Born in the Philippines, Tangalin moved to Hawaii in his teens and then to New Jersey for culinary school, subsequently staging in acclaimed kitchens, from Le Bernardin and Volt on the East Coast to Coi and Cyrus in the Bay Area, before landing in San Diego where he cooked at Whisknladle and JRDN Restaurant. In 2016, Tangalin took on the executive chef position at Tidal at Paradise Point, where he began to infuse Filipino flavors and ingredients into his dishes and amassed a following within the local Filipino community. He continued to develop that style of cuisine at Bivouac Ciderworks, which was Editor’s Choice for Bar and Food Combo of the Year in the 2018 Eater Awards and was a Readers’ Choice winner for Chef of the Year and Restaurant of the Year. 
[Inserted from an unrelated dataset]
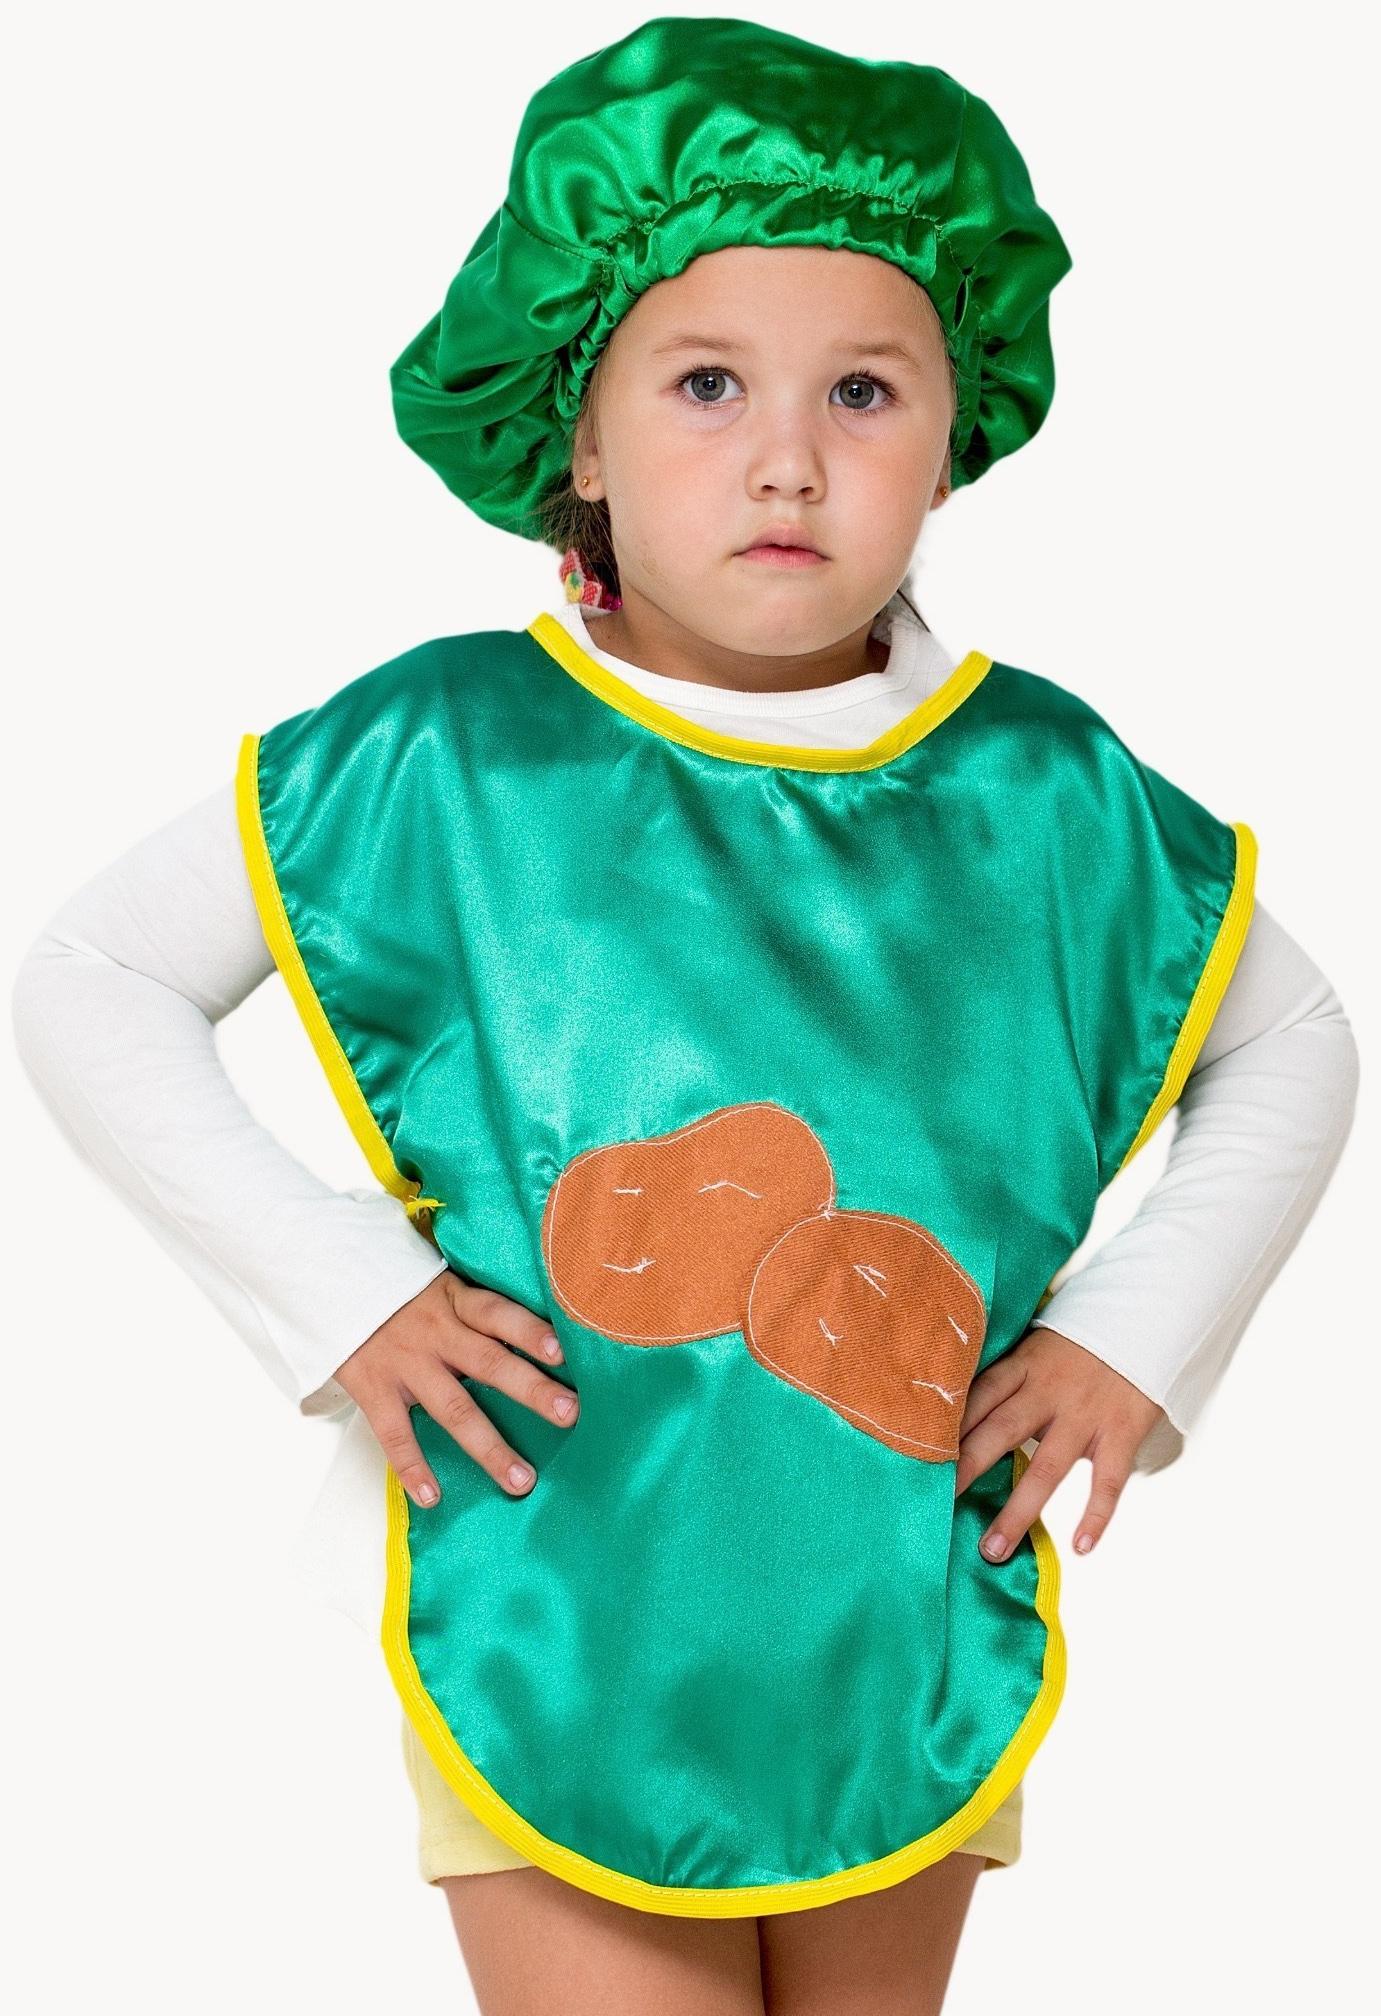 Детский комплект Картошка (32-34) детский костюм озорного клоуна 34

This Saturday, April 6, he’s cooking the first of several pop-ups designed to give a preview of his plans for Maya Eatery; the night’s dishes include raw fish with kalamansi and fish sauce, ensalada with rambutan vinaigrette, and chicken inasal with sweet and sour bread sauce. Tangalin is in the process of securing a permanent restaurant location in the Hillcrest area. 

Translating to “little birds”, Maya evokes both freedom and nostalgia for the chef, who says his menu will feature new versions of Filipino classics as well as creations that combine time-honored flavors, including housemade fish sauce and fermented shrimp paste, with his culinary background and training in French technique.